A prominent economist who has called for a raft of measures to protect tenants during the Coronavirus crisis is now calling for a legally-enforced 20 per cent reduction in all rents - residential and commercial.

Richard Murphy, a chartered accountant and political economist who works as Professor of Practice in International Political Economy at the University of London, writes on the website of the think tank Tax Research UK that such a statutory rent reduction would be “a minimum”.

And he adds: “I'd also suggest rent roll up with liability due over a period eight times longer than the length of the period over which deferral takes place would also be appropriate. I would match this with a right to claim a mortgage payment holiday to match. Landlords could survive this. Their tenants cannot.”


Earlier this year, as the Coronavirus outbreak became widespread in the UK, Murphy advocated rent-free periods for tenants and made it clear that he believed landlords could survive the costs.
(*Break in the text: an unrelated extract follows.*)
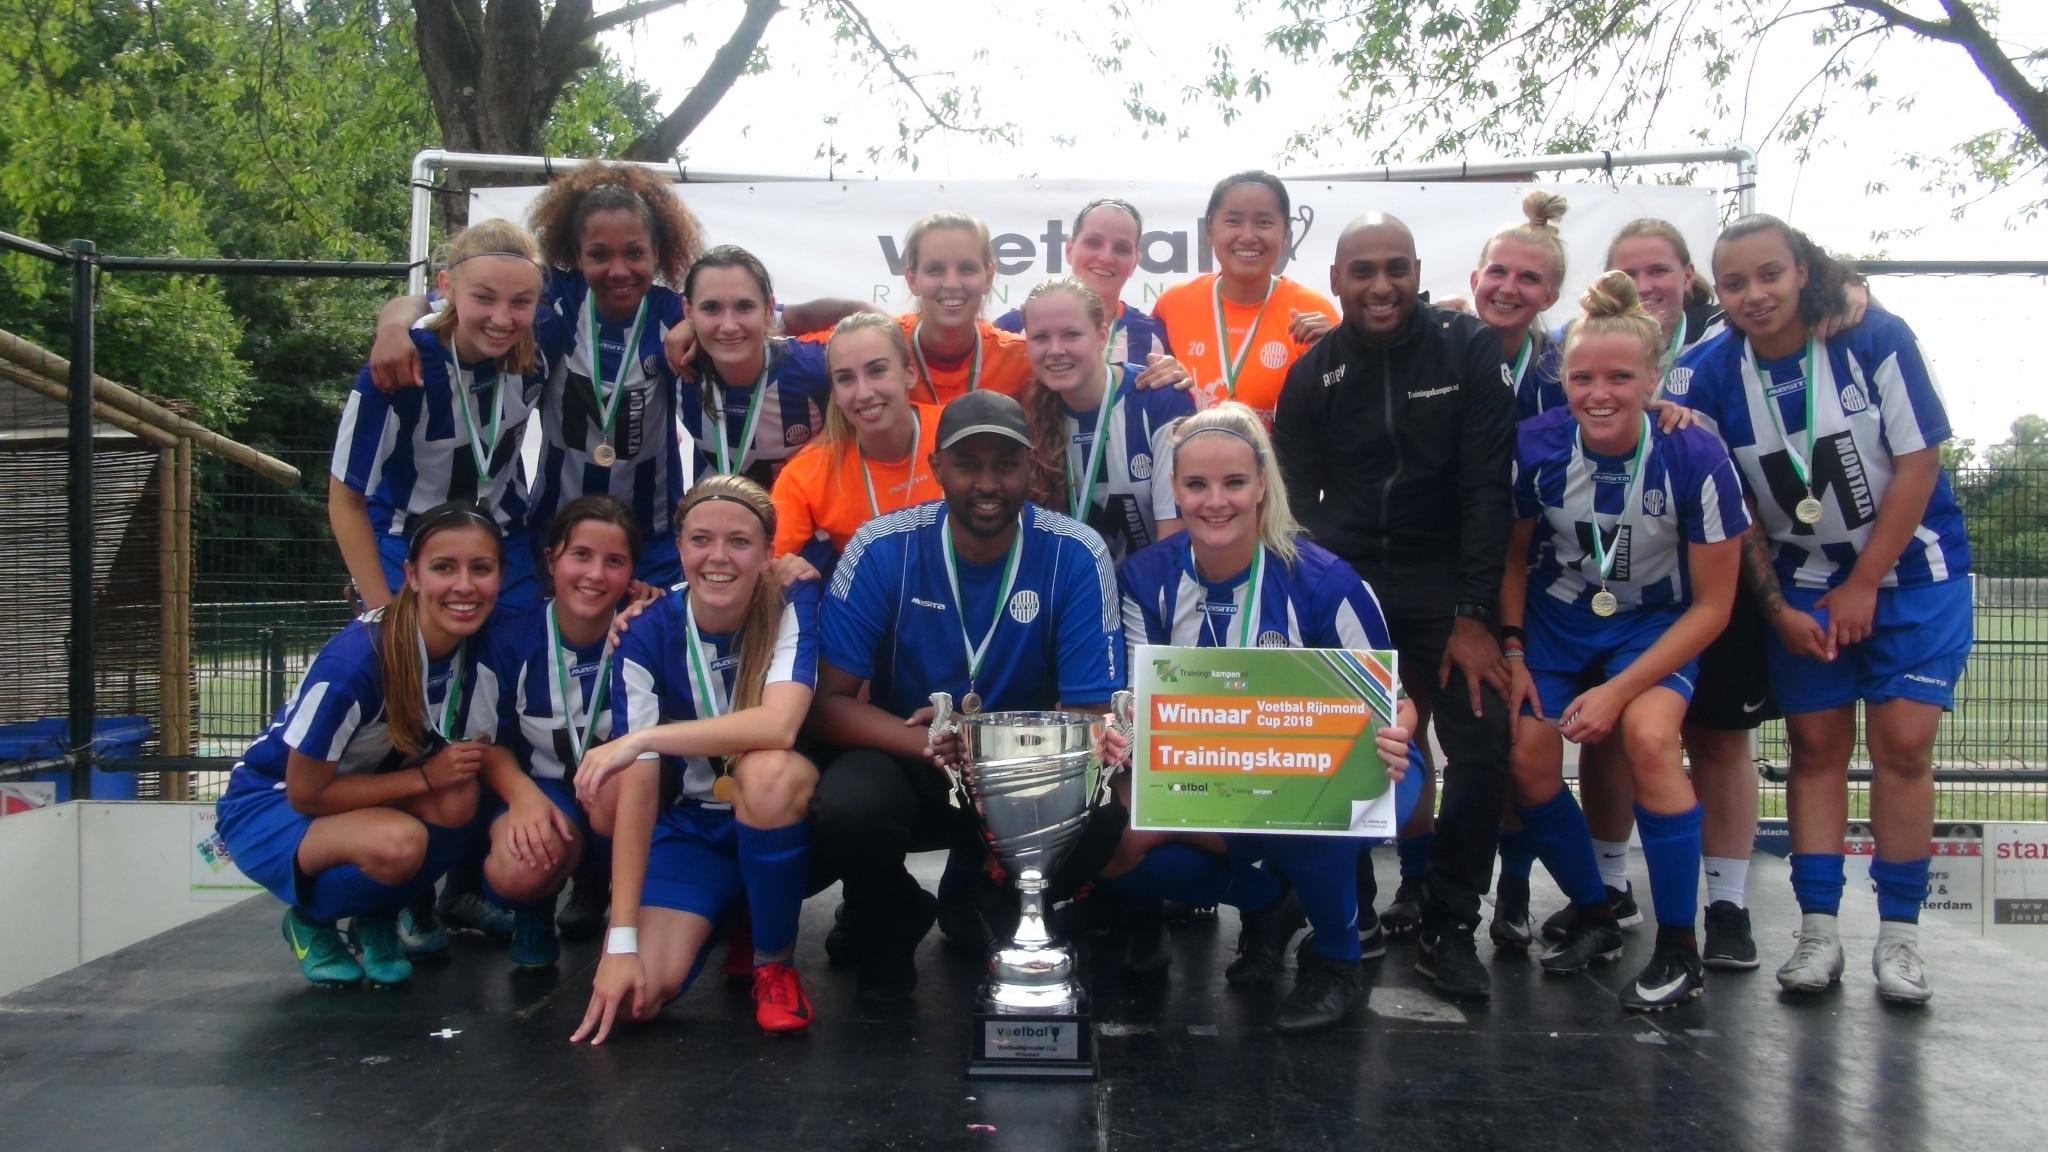 Teamfoto dames voetbalteam kampioen

“I am quite deliberately suggesting that they should bear the heaviest burden of dealing with the epidemic. The reason is simple and is that whatever happens they will still have an asset at the end of this period, and no other sector can guarantee that at present. As a consequence they have the greatest capacity to bear this cost. And, if it so happens that some landlords do fail as a consequence, the assets that they have owned will still exist after this failure and so the economy can manage the consequences of this” he wrote at the time.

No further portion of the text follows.